If the truth sets us free, then it's safe to say that a lie holds us back. What we believe about the nature of God is of infinite importance. We are either growing in freedom or we are becoming disenfranchised.

There is one foundational truth about God’s nature by which every other aspect of His nature should be measured: God is love (1 John 4:8).

Jesus is the perfect expression of what love looks and sounds like, of what love does. He is perfect theology.

A true view of God will free and empower sons and daughters to live like Jesus. We have been designed and created to know God as love and to be transformed in this truth. But slipping into a false view of God as angry, vengeful, waiting for you to live up to His standards or whatever else can tamper your witness and your personal spiritual life.

A true view of God will free and empower sons and daughters to live like Jesus.

There are many different false ideas we put on God, but here are a few signs that you have a wrong view of God.
 

1. You're Motivated by Shame Instead of Love.

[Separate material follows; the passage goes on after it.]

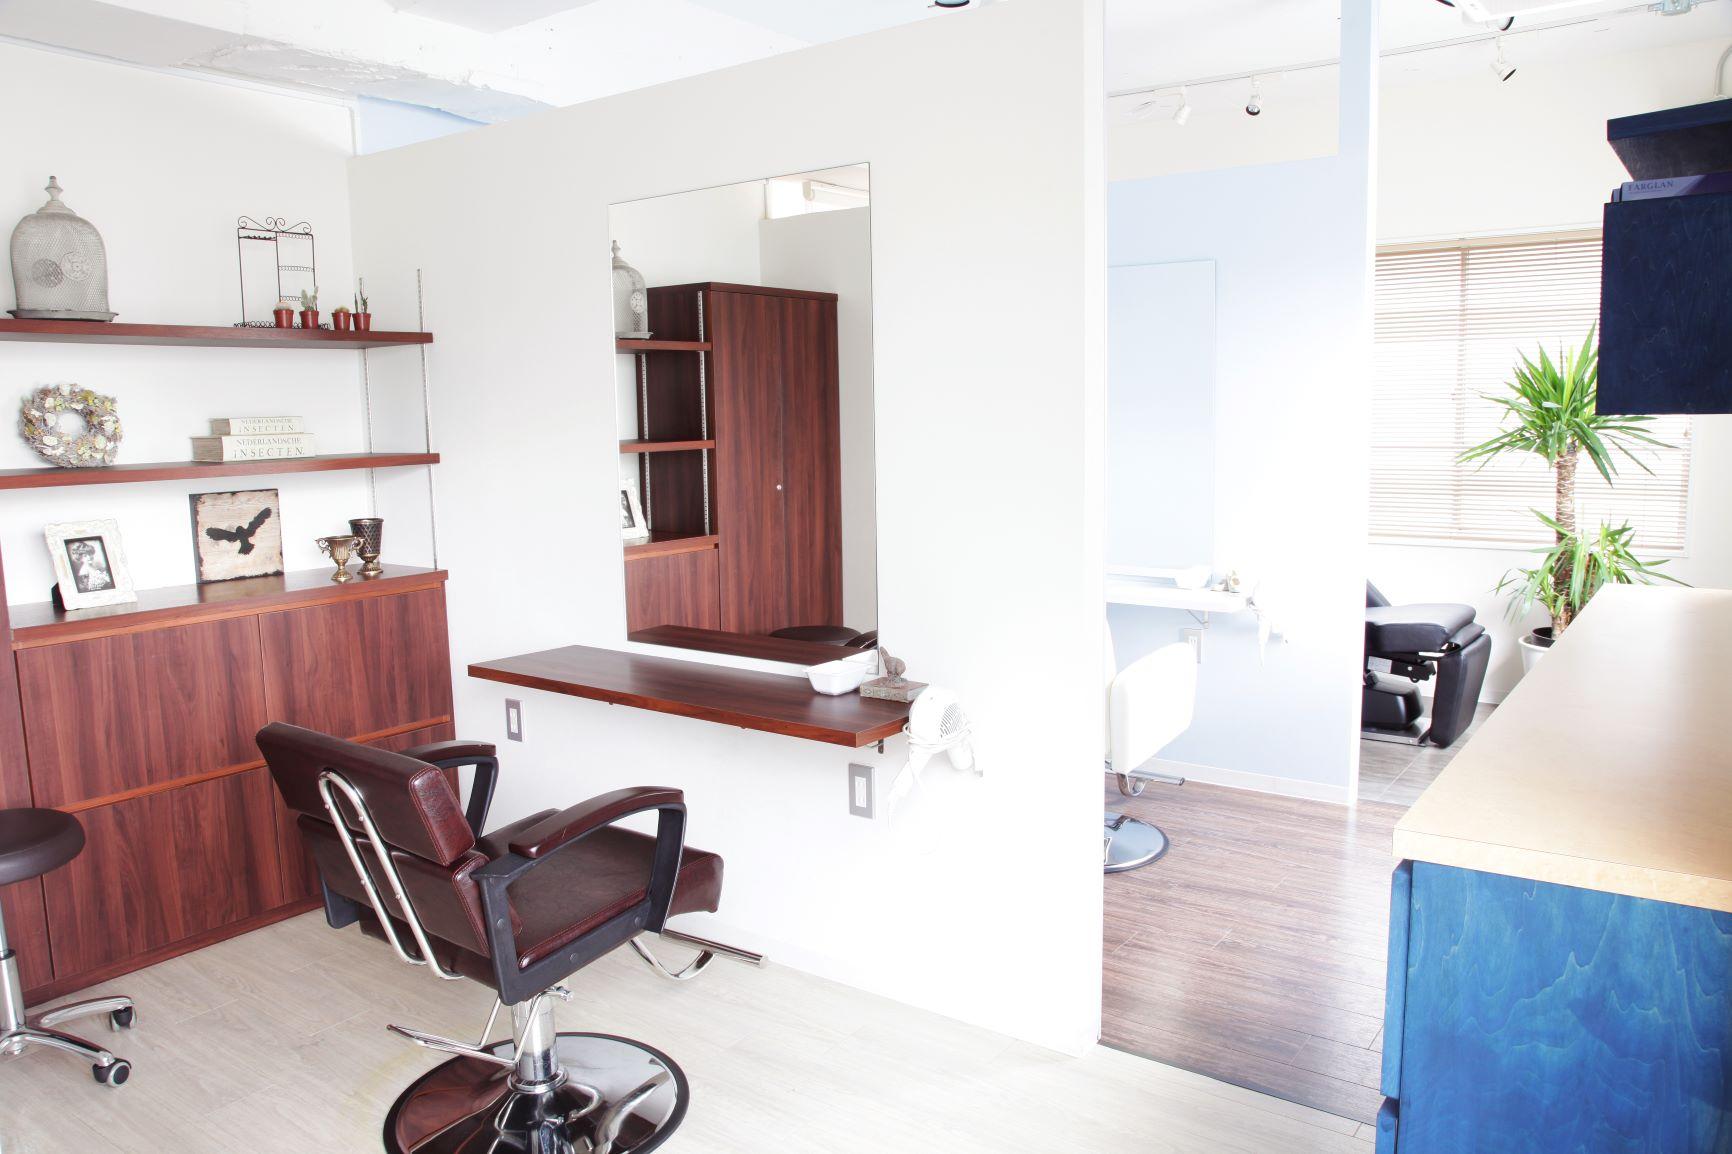 【特集】白髪をすてきにするシニア向けの美容室「えがお美容室」(2019年5月号)

Feelings of shame or condemnation are often the evidence that you believe God’s opinion of you is determined by how much you have pursued Him or, obeyed Him or loved Him.

First, God never communicates using shame or condemnation—those feelings come from elsewhere.

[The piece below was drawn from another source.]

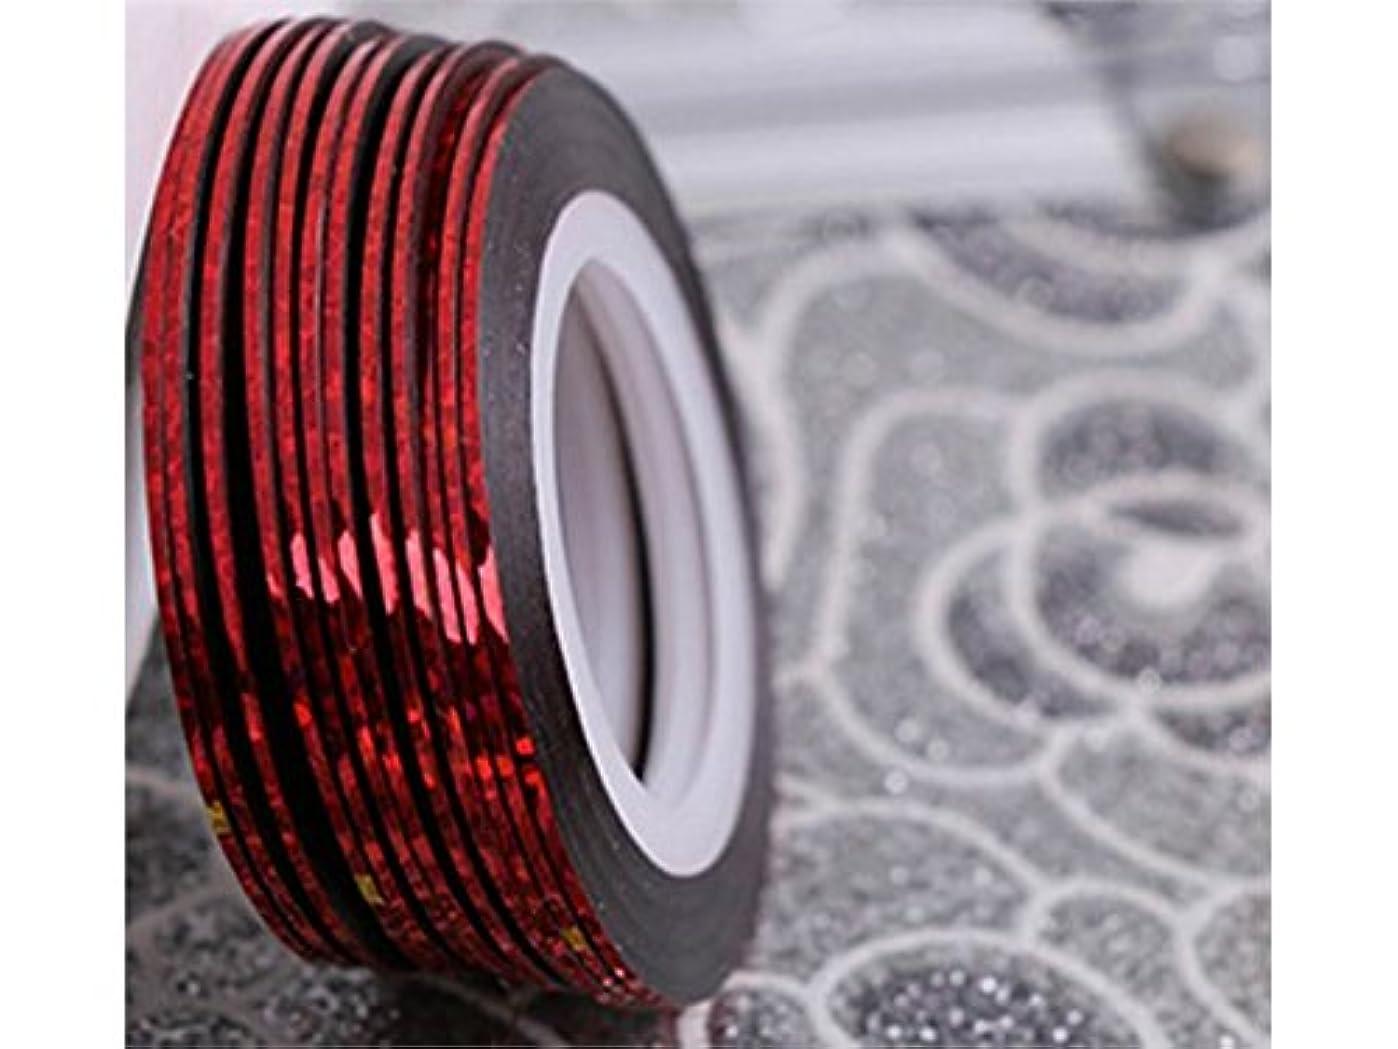 禁止する溶接活性化Osize ネイルアートキラキラゴールドシルバーストリップラインリボンストライプ装飾ツールネイルステッカーストライピングテープラインネイルアート装飾(赤)

Second, you get no say in how God feels about you. God is love, and His heart toward you is perfectly displayed in the life, death and resurrection of His Son.

Third, “we love because He first loved” (1 John 4:19). Your devotional life is always meant to be a response to your revelation of His love, not motivated out of a fear of His anger or disappointment.

2. You’re Scared of Being ‘Outside’ of God’s Will Instead of Trusting That He's Guiding You.

God’s will isn’t a mystery. It’s not some giant puzzle He’s waiting for us to figure out or forever live outside of what He wants for us.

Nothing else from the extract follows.